Венсан Равалек - Ностальгия по черной магии
Настал рассвет третьего дня, ночи практически не было, и в серебристых сумерках, омывавших силуэты воскресших кварталов, было что-то завораживающее.
Мы, сотни людей, стояли перед Консьержери, глядя на реку, потихоньку возвращающуюся в свое русло, но еще скованную толстым слоем снега и льда, на котором сидели громадные, больше страусов, птицы, отдаленно напоминавшие помесь розового фламинго с орлом или стервятником, синие, такой синий цвет бывает только в научной фантастике, с острыми клювами, время от времени они прыгали или, взлетев, описывали круг, сцена была изумительно, ошеломительно прекрасна, – впрочем, это, наверное, ощущали все, кто пришел сюда и, утратив дар речи, затаив дыхание, не спускал глаз со странных пернатых существ и средневековых очертаний острова Сите, проступавших на заднем плане; Создатель, ввергнув нас в хаос, по крайней мере озаботился тем, чтобы произвести впечатление.
– Это Феникс, Феникс, возрождающийся из пепла, – воскликнул паренек, с виду похожий на студента-гуманитария, – это знак, что все образуется!
Птицы взмыли в воздух, они парили над нашими головами, величавые и гордые, синий – цвет надежды, проговорил кто-то, парень прав, все образуется, и в довершение картины откуда-то возник священник Невинных, он стоял на доске, которую несли четверо верующих без кровинки в лице, руки его превратились в багровое месиво, капли крови окрасили снег под ногами, мы отдали тебе свою кровь, и ты услышал нас, и ты услышал нас, повторили адепты-носильщики, ты нас услышал.
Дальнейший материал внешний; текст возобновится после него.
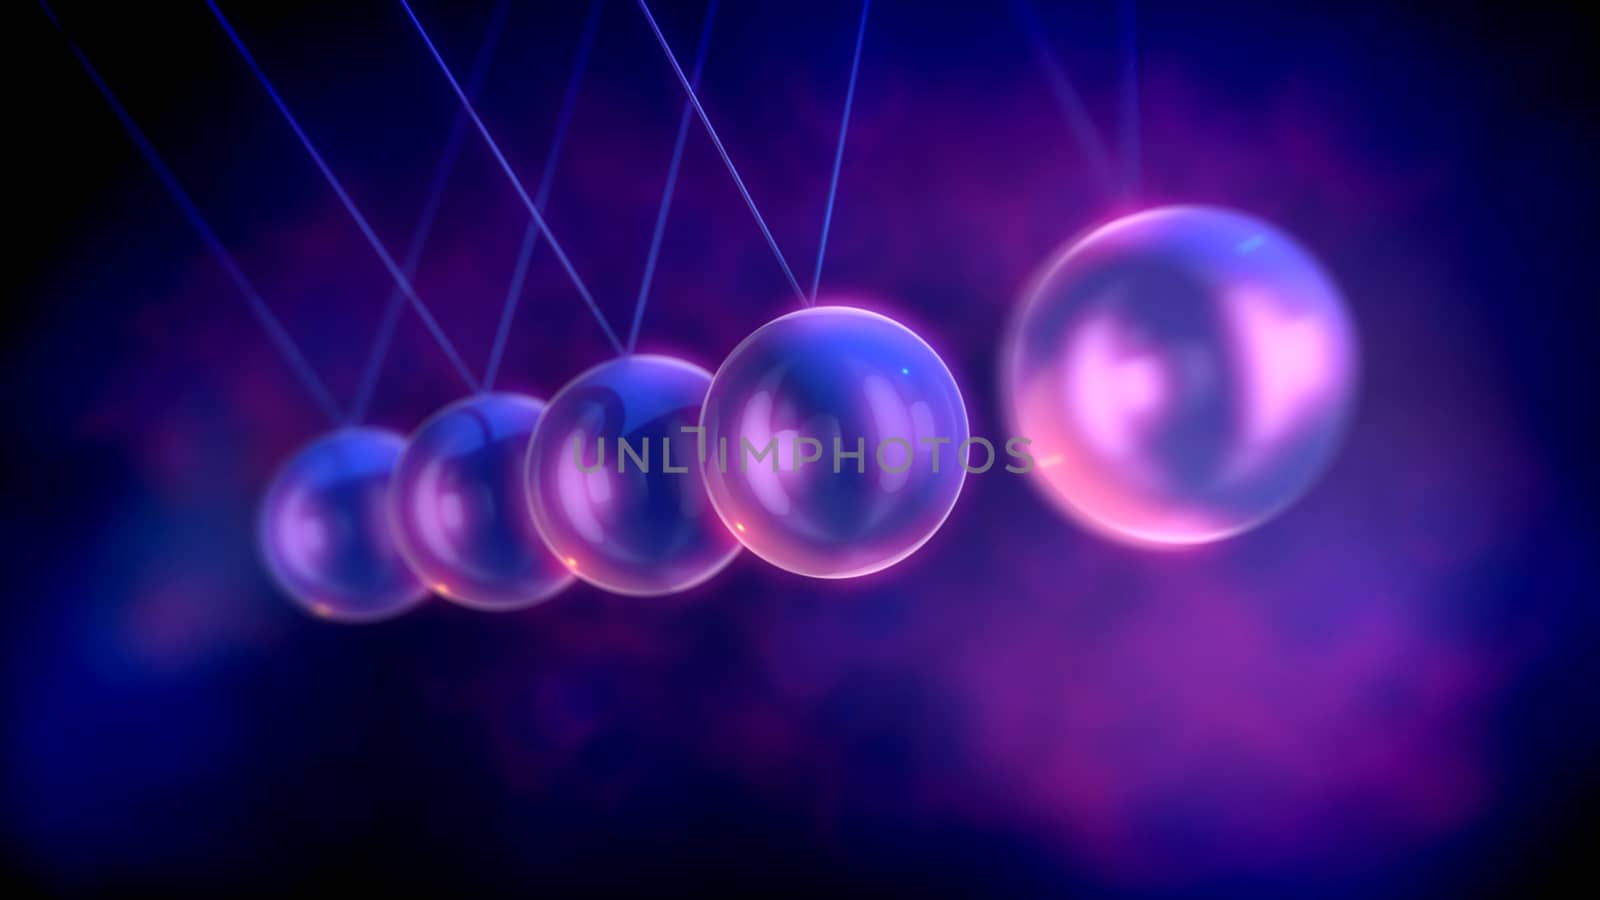 A meditative 3d illustration of steel beads pendulum with waving balls beating each other in a violet background with blurred and bright spots. They remind us that our life is not endless .

Я подумал, а вдруг эти Фениксы – лишь привлекательный вариант крылатых монстров в церкви, оборотная сторона той же реальности, с такими же кошмарными последствиями, но менее жуткая с виду?…
Как бы то ни было, после явления волшебных птиц с таким чудесным оперением все до единого решили, что бедствиям конец, лед таял, уровень воды понижался, причем даже быстрее, чем нужно, ибо вскоре показались набережные, проступили берега Сены, а с ними и груды скопившегося мусора, остовы машин, балки, всякий хлам, а главное – трупы: с тех пор как опять потеплело и дождь прекратился, они попадались везде – мертвецы, сотни, тысячи мертвецов, кто не смог выбраться из квартиры, кто утонул, умер от голода, от болезни, от тоски и страха, полусгнившие, в свисающих клочьях плоти, некоторые уже превратились в скелеты, выбеленные течением и ненастьем, сцепившиеся, перекрученные, их слепые глазницы взирали на нас иронически, – по крайней мере, так казалось нам х: Жоэлем; еще осталась горстка магазинов, куда не добрались водолазы, и мы каждый день давились в толпе, грабили, вернее, отбивали свое, приходилось постоянно бороться, а теперь к конкуренции добавился еще и ужасающий смрад мертвечины.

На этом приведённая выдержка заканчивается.